We were disgusted with the landlord’s attitude but we were entirely at his mercy and we did not like it. At this time an Act of Parliament made it compulsory to install showers for the use of our employees and we realised that there was no area where we could build showers to comply with the order. We explained several times to the Factory Inspector who visited us frequently. One very hot sunny afternoon I was loading castings on to our wagon when the Factory Inspector, a Mr Legg, came into the yard and seeing me came over and asked me what I had done about the showers. Perspiration was streaming down my face and the last thing I wanted was a discussion on showers. I stopped working and addressed the Inspector, telling him that I was fed up with his visits, interrupting my work and wasting my time on a project that was impossible to achieve and if he could find a site I would build a foundry to his specification in the meantime would he keep away. We had, during the past three years, tried unsuccessfully to find a site. At about the same time the following day I was again loading a lorry when who should drive into the yard but Mr Legg himself. Immediately he stopped his car I was over to him asking what he was doing here when only the day before I had told him I did not want to see him again. He corrected me saying that I had said I did not want to see him unless he could find me a site.
I was shaken when he told me that he had the option of a suitable one and if I would accompany him in his car he would take me to the site. I was very excited with the news and he took me to the place where the Huddersfield Ambulance Services had been stationed, and as a new building had just been completed, the services were moving out and I was offered the site which I readily accepted. Immediately I contacted a builder friend and we set about producing drawings helped by Mr Legg who was to take an interest in the construction for personal reasons.

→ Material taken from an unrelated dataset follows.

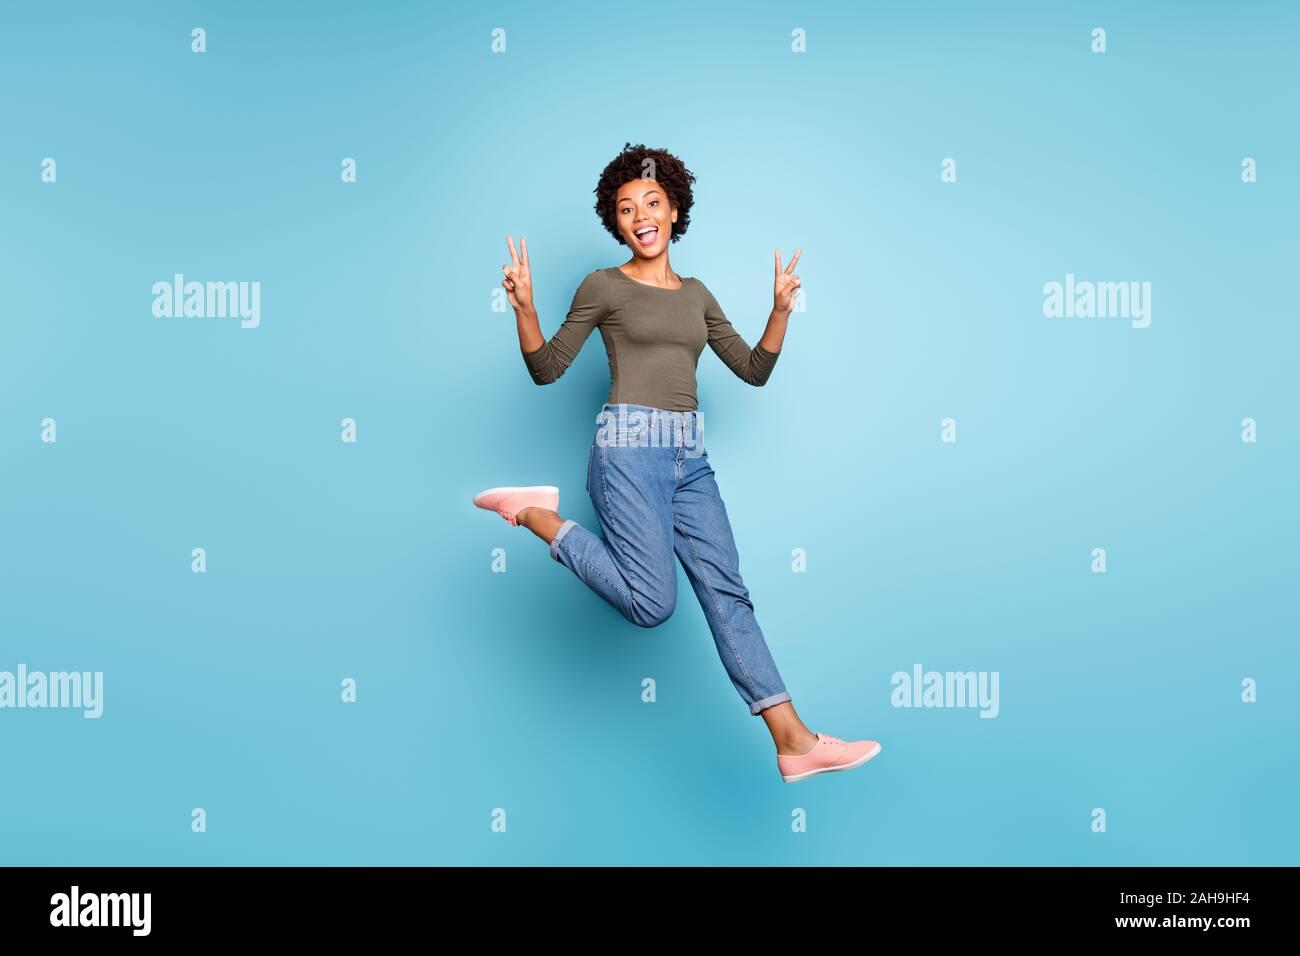 Toute la longueur de la taille du corps photo de joyeux cris drôles friendly nice woman jumping teint foncé denim jeans pull vert montrant vous v-sign isolated Banque D'Images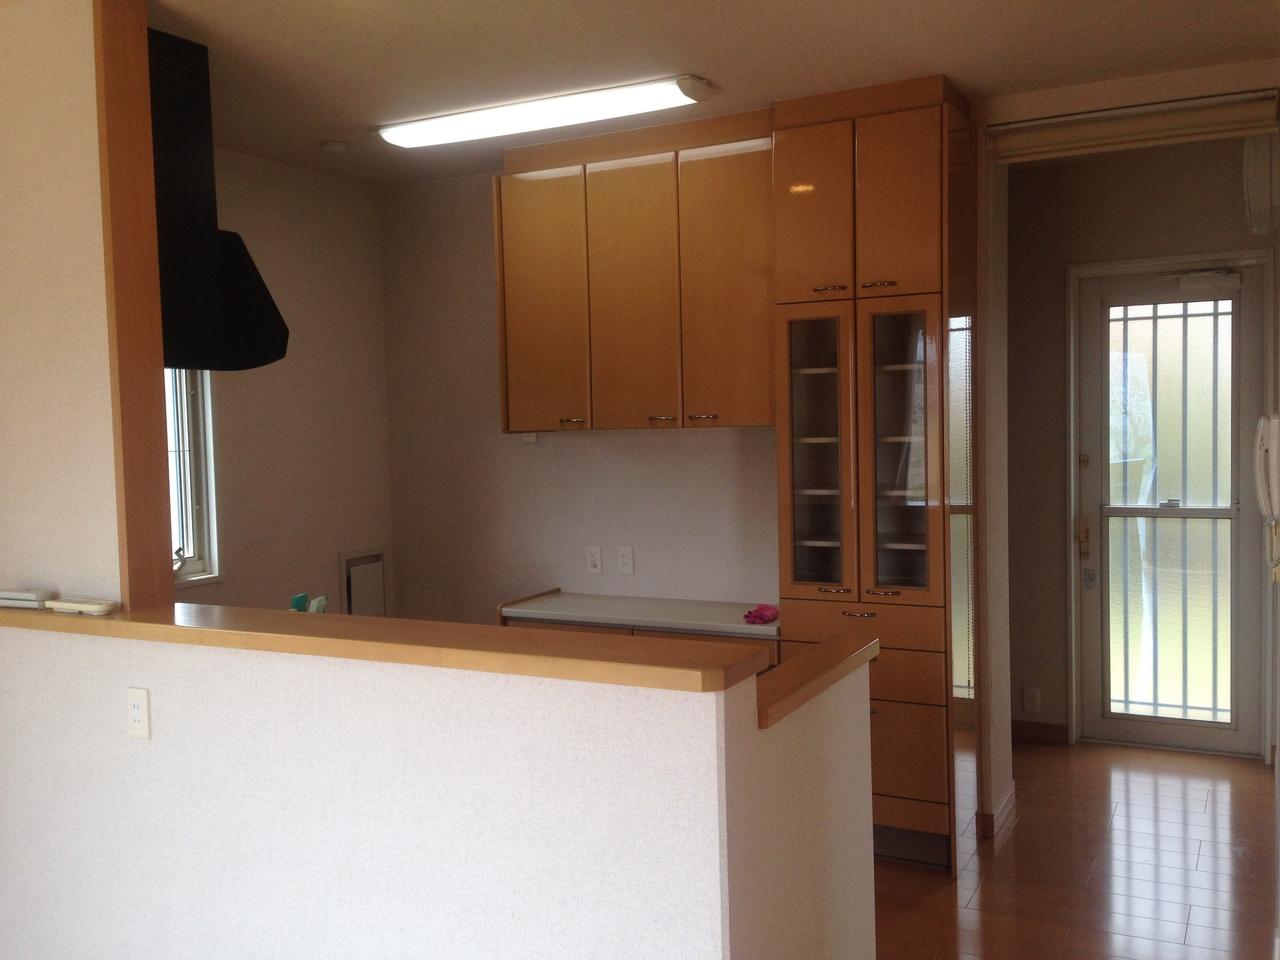 キッチン部には背面収納が完備されています。

Whilst this was going on my father had been taken ill and was being treated for bronchitis, but after a specialist examination, he was diagnosed as suffering from lung cancer, and following a major operation which was not a success, he passed away and received a full military funeral in recognition of his service in the Army.
he building work went quickly ahead thanks to a fine summer and when our employees returned to work after their annual holiday they came into a super new foundry which had been officially opened by my mother three days earlier. I had not told the landlord of our actions until he rang me asking me to call in at his office to sign the new agreement. I replied that I was not renewing the lease but would send him a cheque for three months rent in lieu of notice, which I did, so ending my association with him. We had a few teething troubles for a few days then everything fell into place and a very happy and contented atmosphere developed. During the following months we were visited by Mr Legg who took a great interest in our progress and we have always been grateful for the help he gave us. Lots more people visited our works and we gained new customers bringing in work, which enabled us to employ more staff this in turn increased our production.